Major Crypto Assets and Stocks Take a Hit
Bitcoin slid 6.5% during the session, after an earlier drop of nearly 12%. It settled just above the $85,000 mark. This decline marks a steep fall of approximately 33% from its all-time high of $126,210.50 recorded on October 6, as per data from Coinbase. The slump was not confined to the currency itself.
Publicly traded companies tied to the crypto ecosystem were hammered. Coinbase Global fell 5.4%, while the popular trading app Robinhood Markets lost 4.4%. Bitcoin mining firm Riot Platforms dropped 2.8%. Notably, Strategy, a major crypto treasury company, tumbled a sharp 10%. The firm, which holds a massive 649,870 bitcoin (worth about $55 billion as of Monday afternoon ET), exemplifies the scale of the market rout.
Trump-Linked Crypto Ventures and ETF Outflows Suffer
The sell-off also impacted ventures associated with former US President Donald Trump. American Bitcoin, where his sons Eric Trump and Donald Trump Jr. hold a stake, fell 8.1% and is down over 41% since September 30. Other tokens linked to Trump saw dramatic declines. The World Liberty Financial token ($WLFI) saw its market value drop to around $4.14 billion from above $6 billion in mid-September. A meme coin named for Trump, $TRUMP, traded at just $5.67, a fraction of its $45 price tag just before his January inauguration.
The popular investment route of spot bitcoin ETFs witnessed significant outflows. Data from Morningstar Direct reveals investors pulled a staggering $3.6 billion out of these funds in November, the largest monthly withdrawal since their launch in January 2024. In a telling shift, while Bitcoin futures fell nearly 24% in the past month, gold futures rose almost 7%, highlighting a flight to safety.

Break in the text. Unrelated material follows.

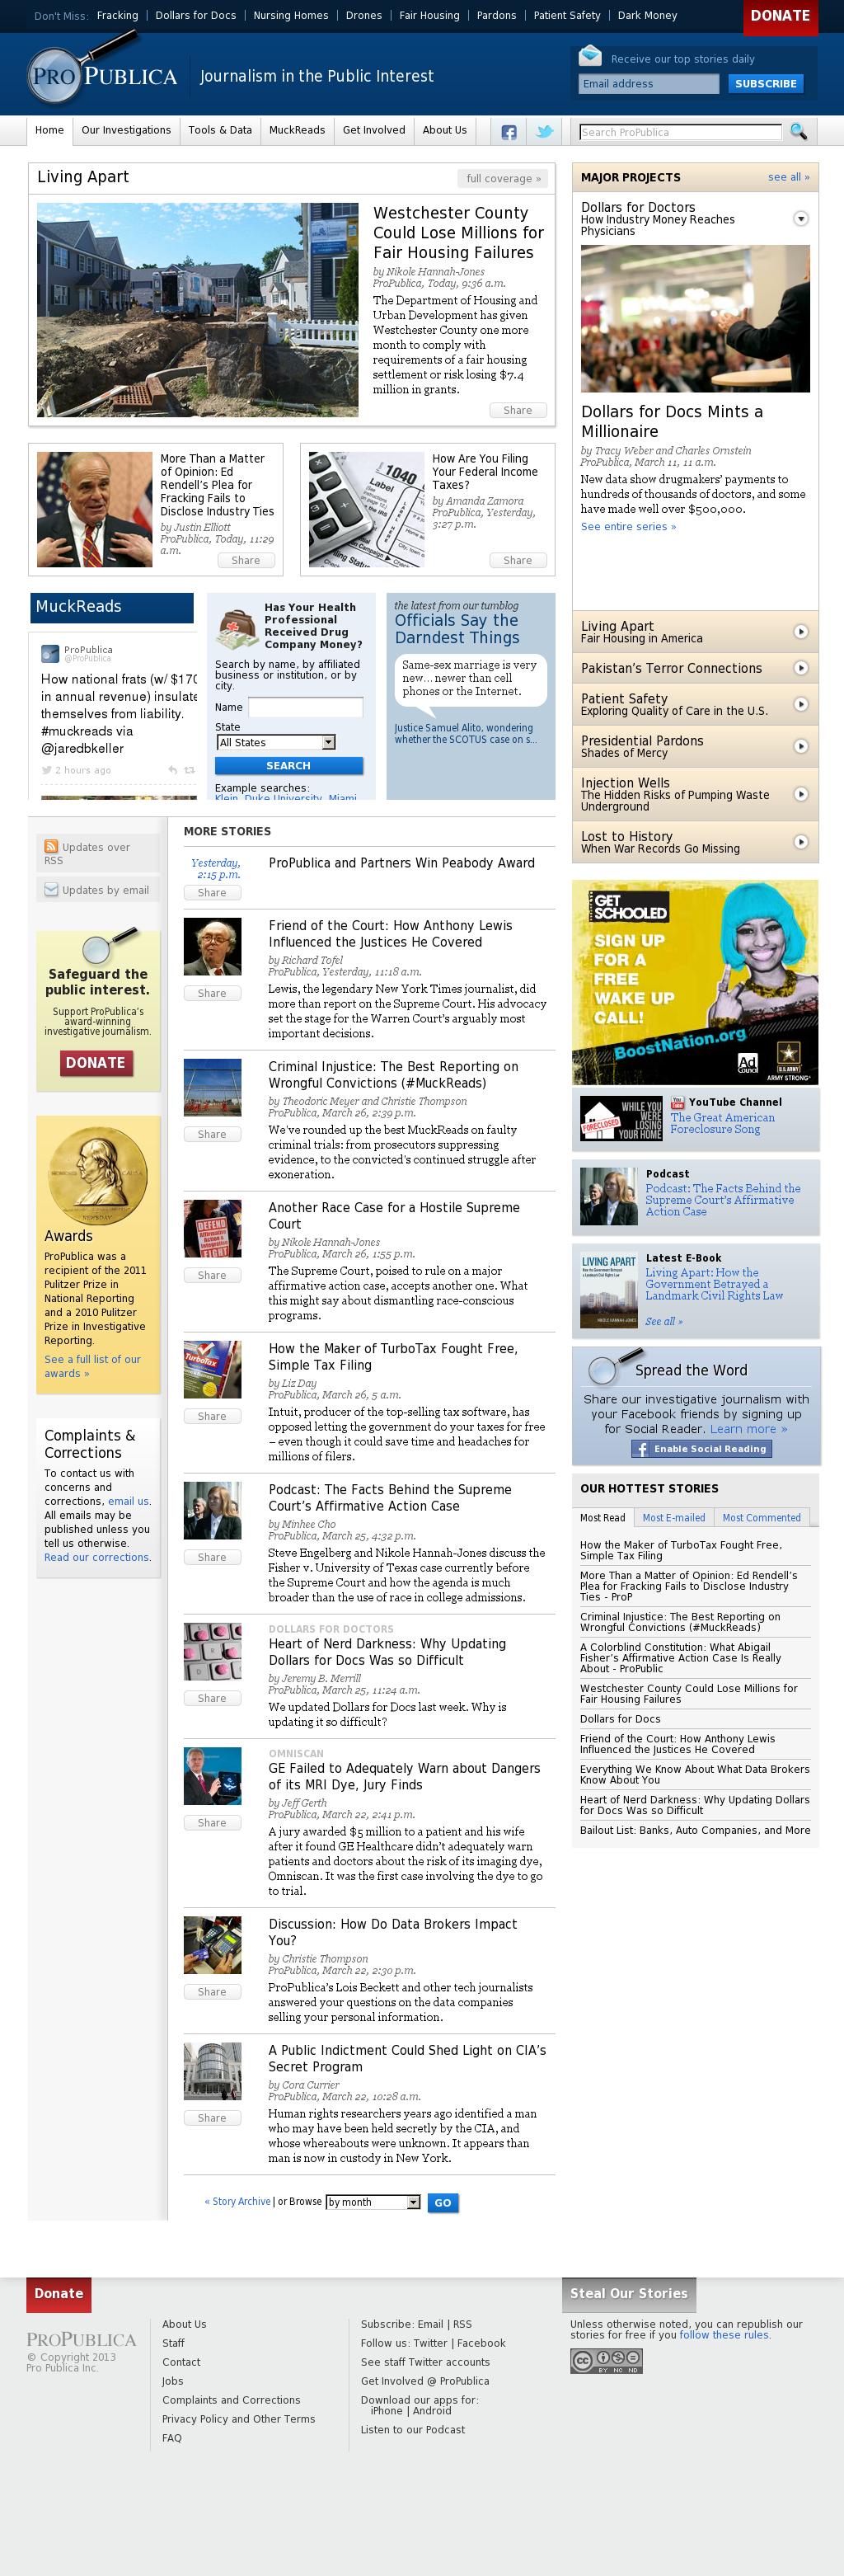 ProPublica at Thursday March 28, 2013, 5:17 p.m. UTC

Analysts Point to Multiple Factors Behind the Crash
Financial analysts attribute the collapse to a confluence of factors. A broad risk-off sentiment has gripped global markets this fall, pushing investors toward traditional safe havens like bonds and gold. In a recent note, Deutsche Bank analysts pointed to institutional selling, profit-taking by long-term holders, and a more hawkish Federal Reserve as key drivers. The bank also noted that stalled crypto regulation in the US has added to market uncertainty.
"While volatility remains inherent, these conditions indicate Bitcoin’s portfolio integration is being tested, and raises questions of whether this is a temporary correction or a more prolonged adjustment," the Deutsche Bank analysts wrote. On the regulatory front, while a stablecoin bill was signed into law in July, a broader cryptocurrency market structure bill remains stalled in the Senate, a key concern for the industry that heavily backed Trump's election.